ASSIGNMENT - A faithful copy of the data is what is wanted, minus any pictures.

GIVEN MATERIAL -
_____

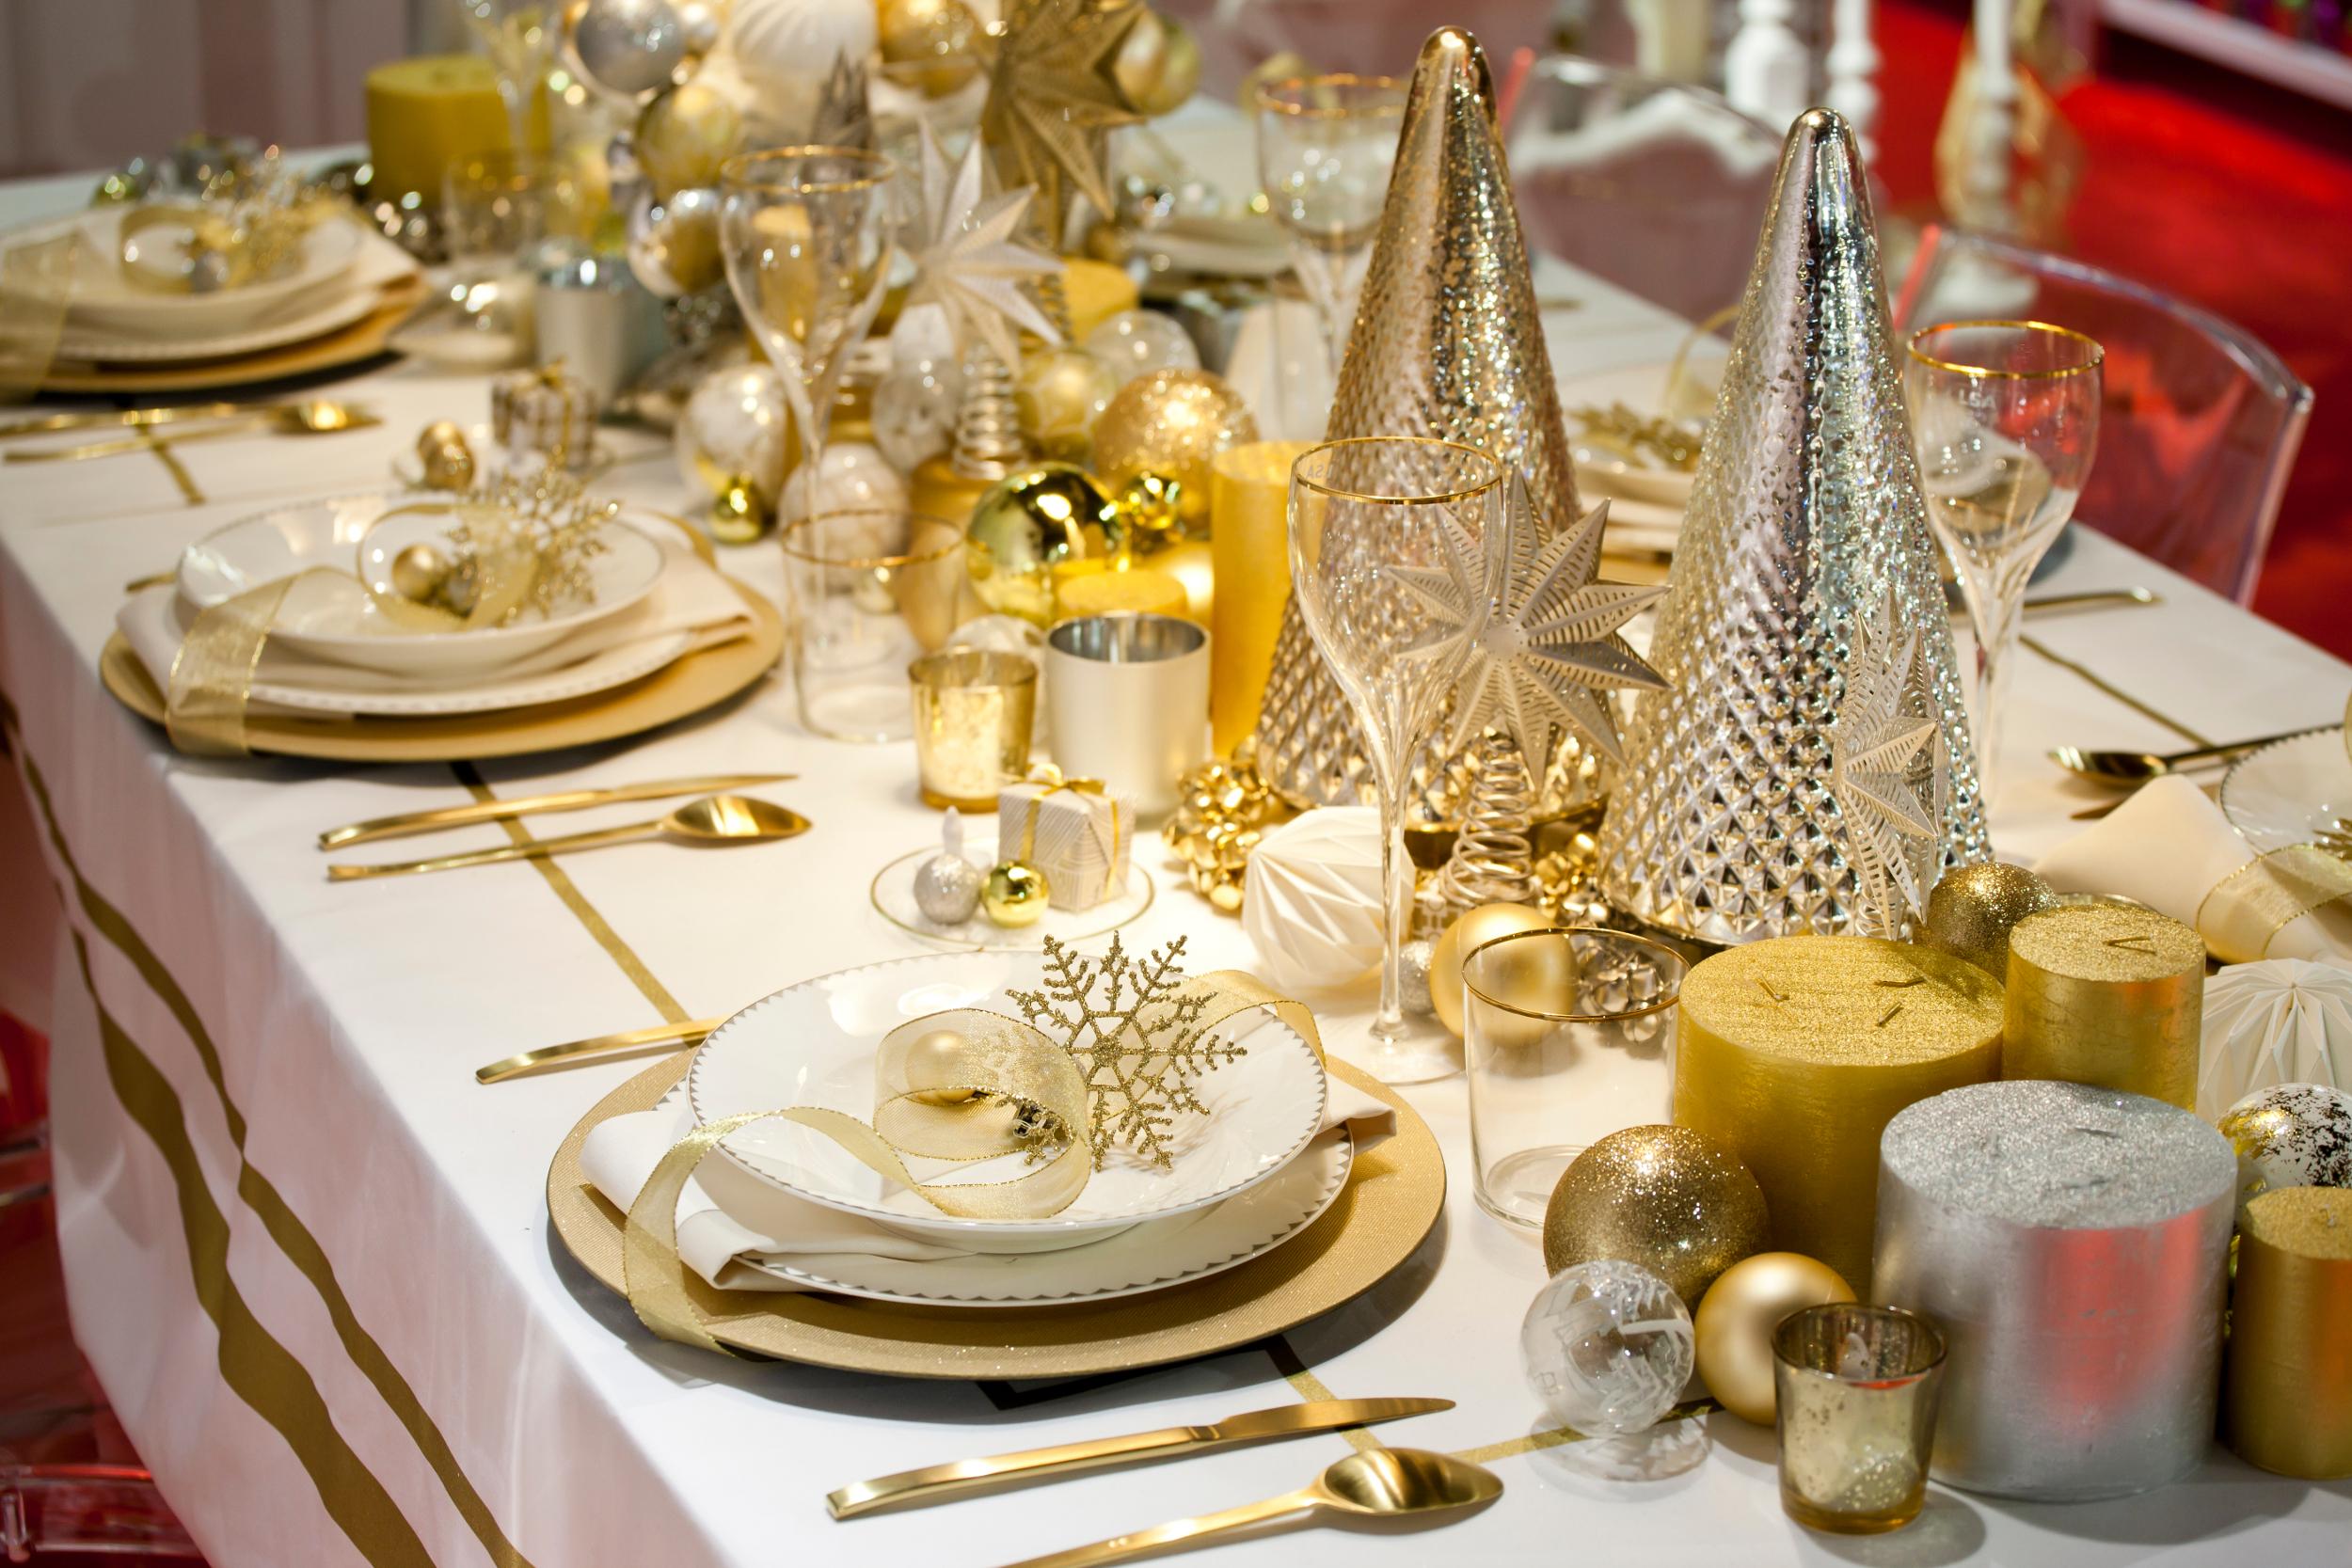 Сервировка и оформление стола на Новый год: стиль, цветовая гамма, декор
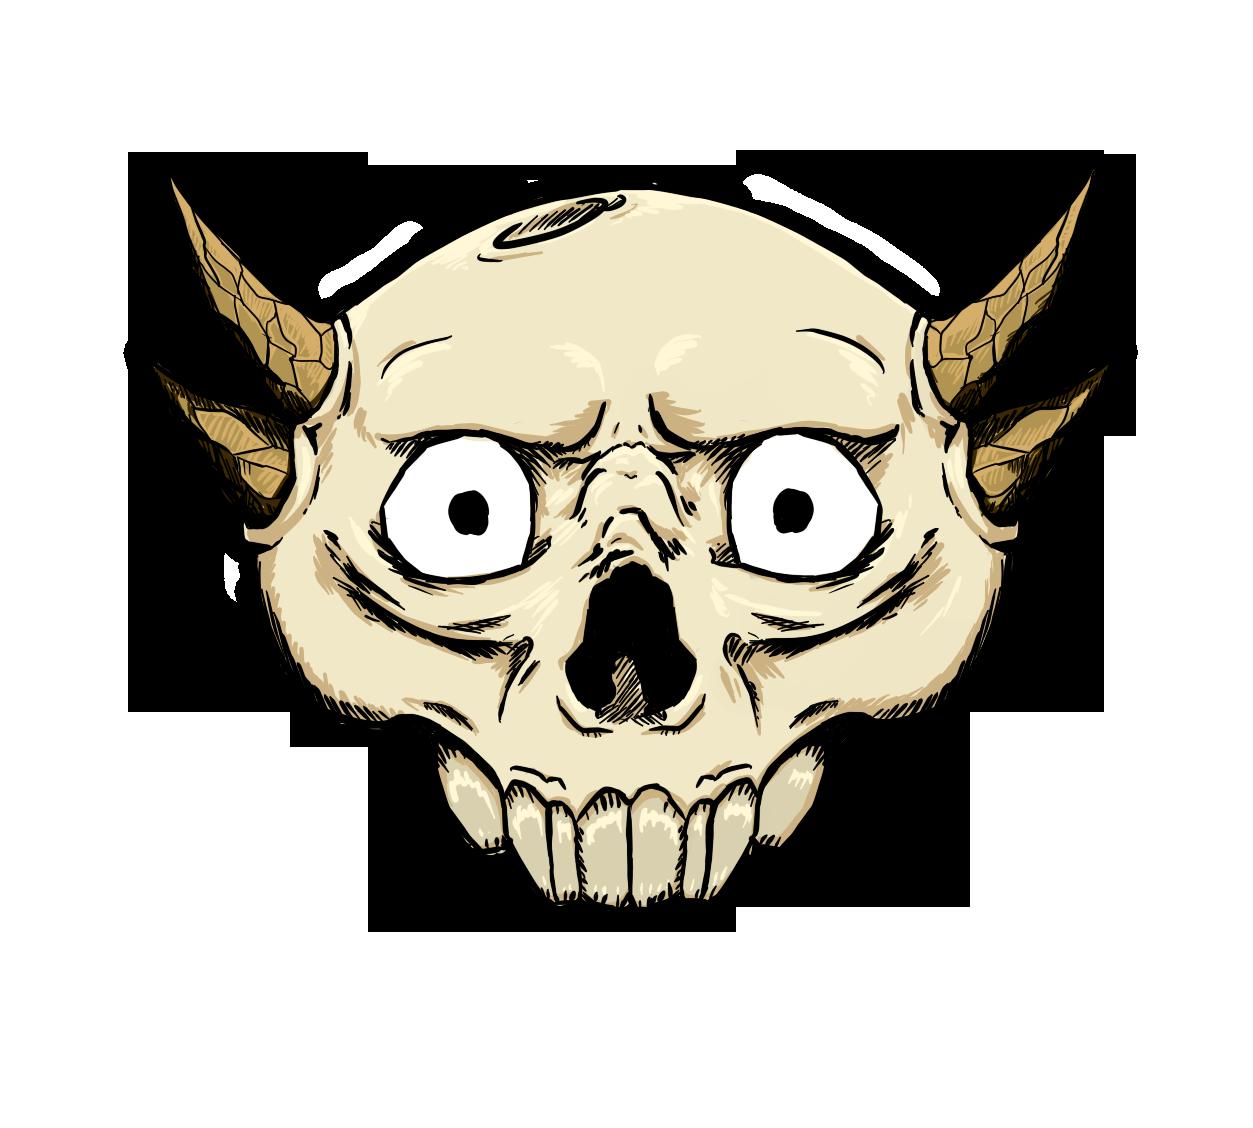 SkeletonDemon
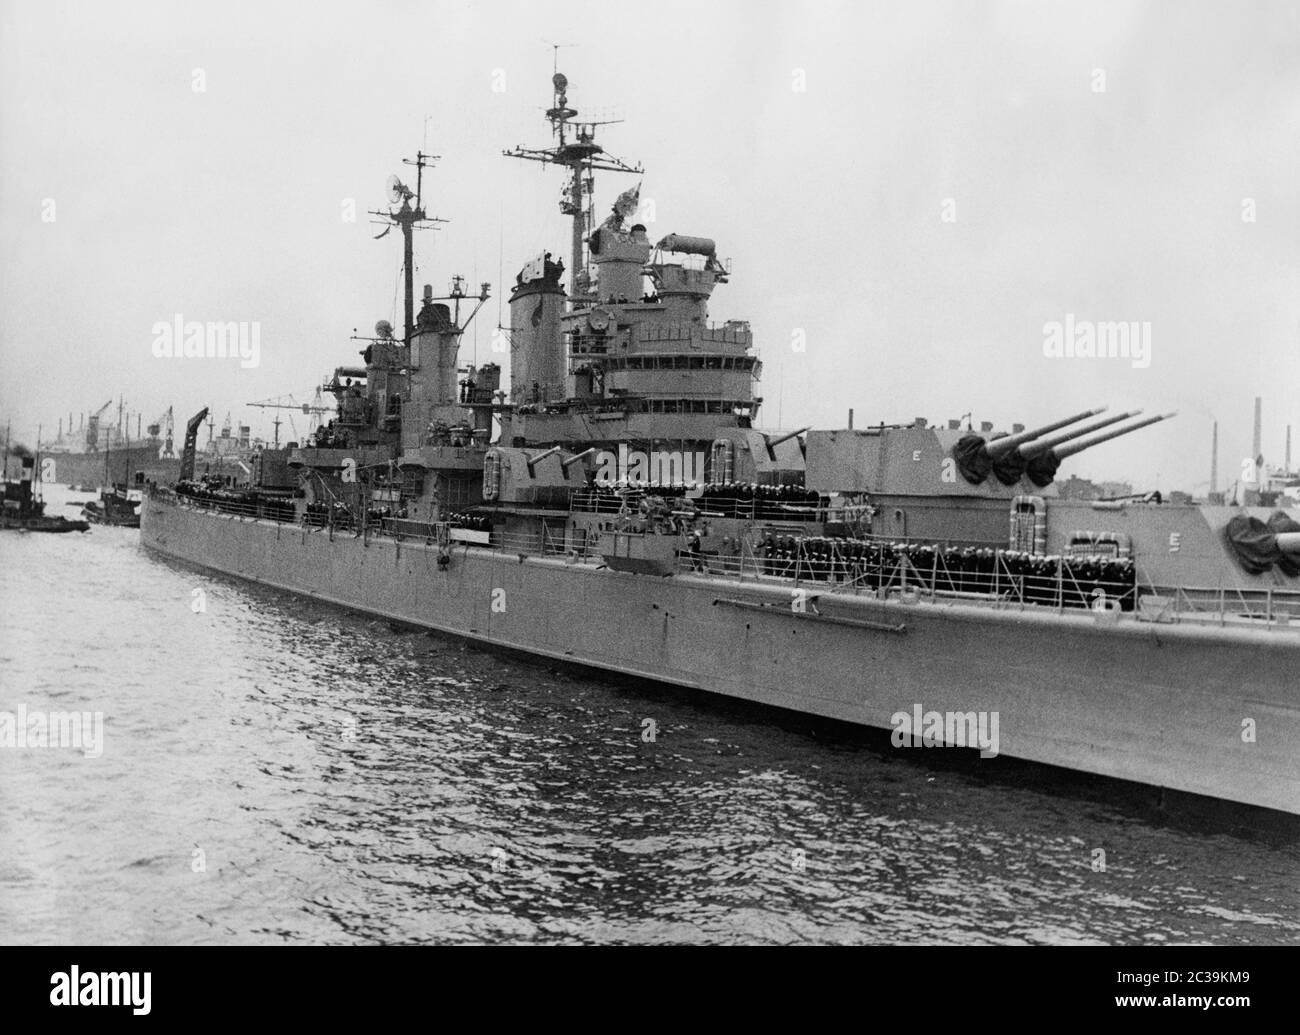 El USS Macon (crucero pesado de clase Baltimore) de la Marina de los EE.UU. Con la tripulación en cubierta durante una visita de la flota en Hamburgo en la década de 1950. Foto de stock
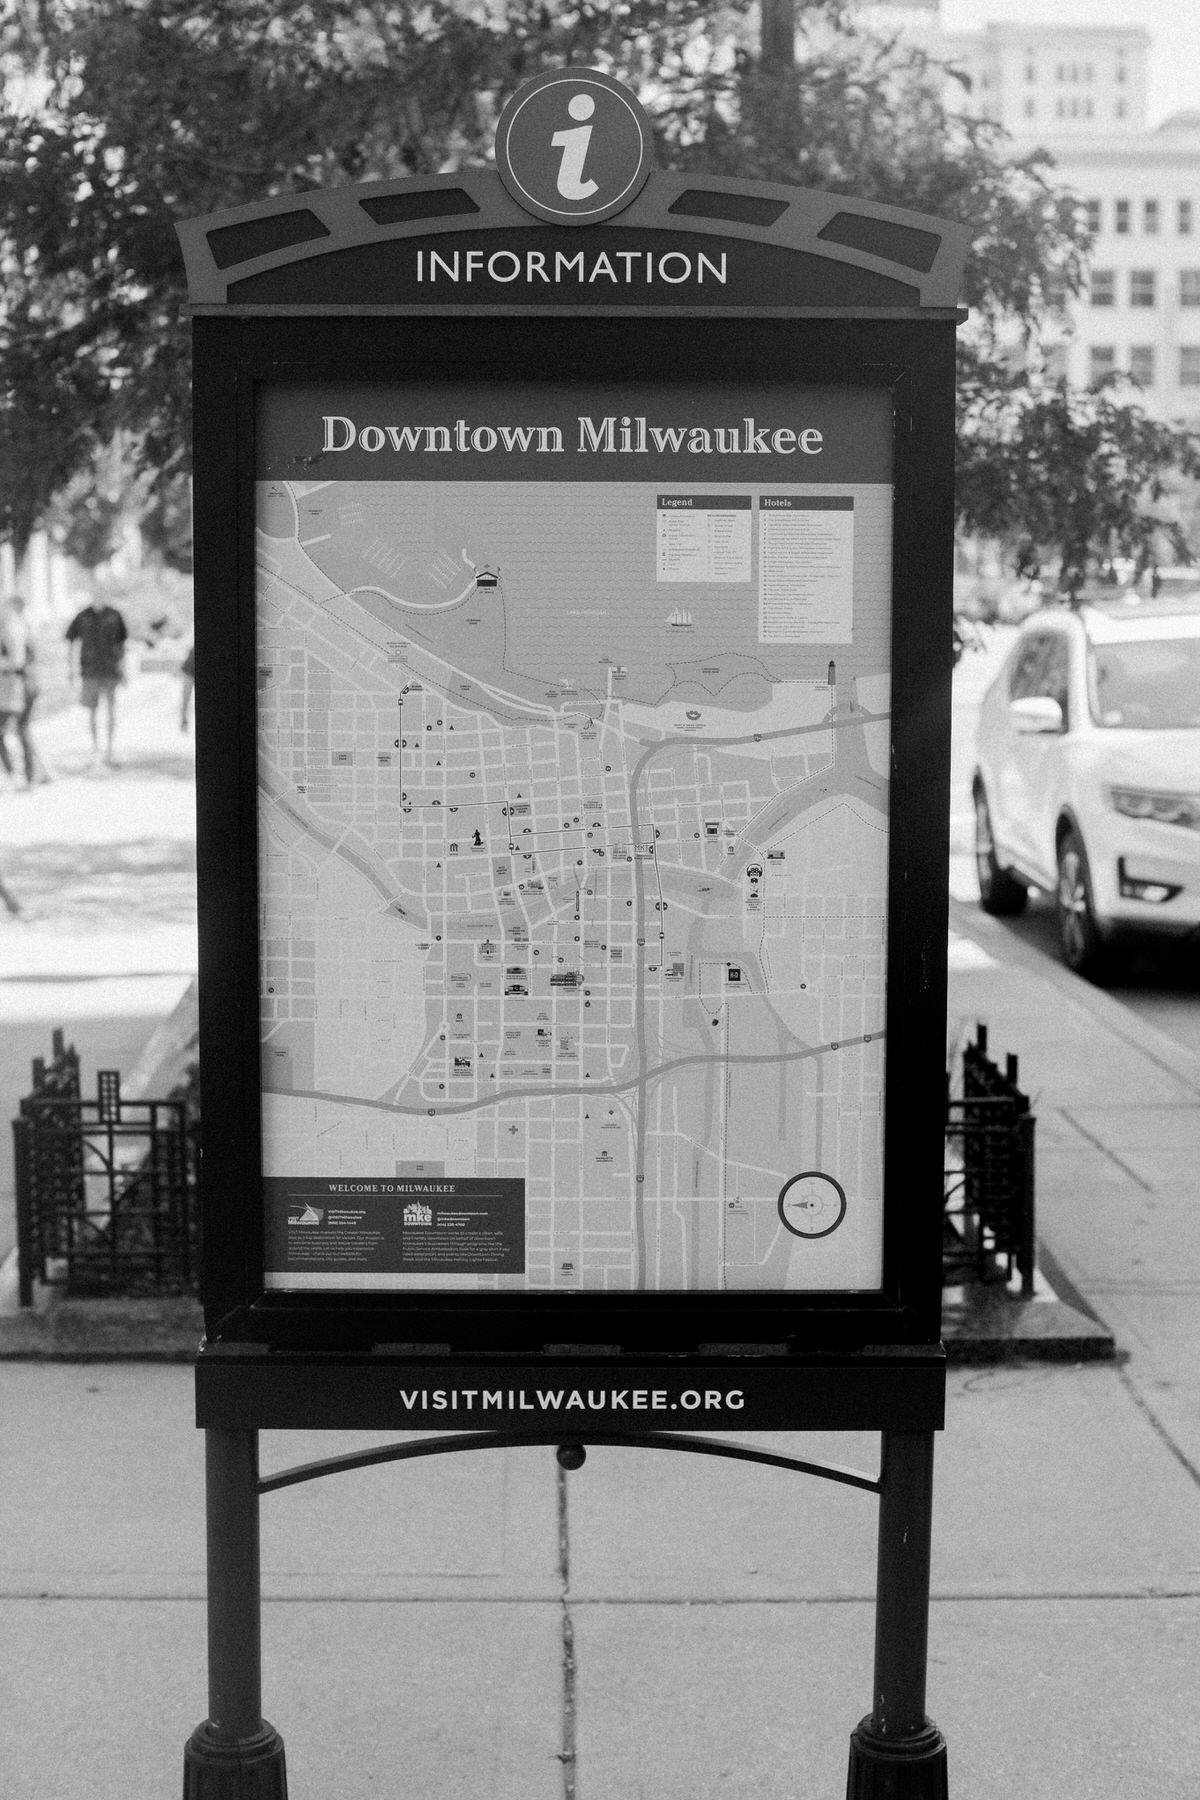 Van-Gogh-Exhibit-Wisconsin-Center-Milwaukee-by-Studio-L-Artist-Photographer-Laura-Schneider-_9726

_____

EXERCISE OUTPUT -
 Сервировка и оформление стола на Новый год: стиль, цветовая гамма, декор
 SkeletonDemon
 El USS Macon (crucero pesado de clase Baltimore) de la Marina de los EE.UU. Con la tripulación en cubierta durante una visita de la flota en Hamburgo en la década de 1950. Foto de stock
 Van-Gogh-Exhibit-Wisconsin-Center-Milwaukee-by-Studio-L-Artist-Photographer-Laura-Schneider-_9726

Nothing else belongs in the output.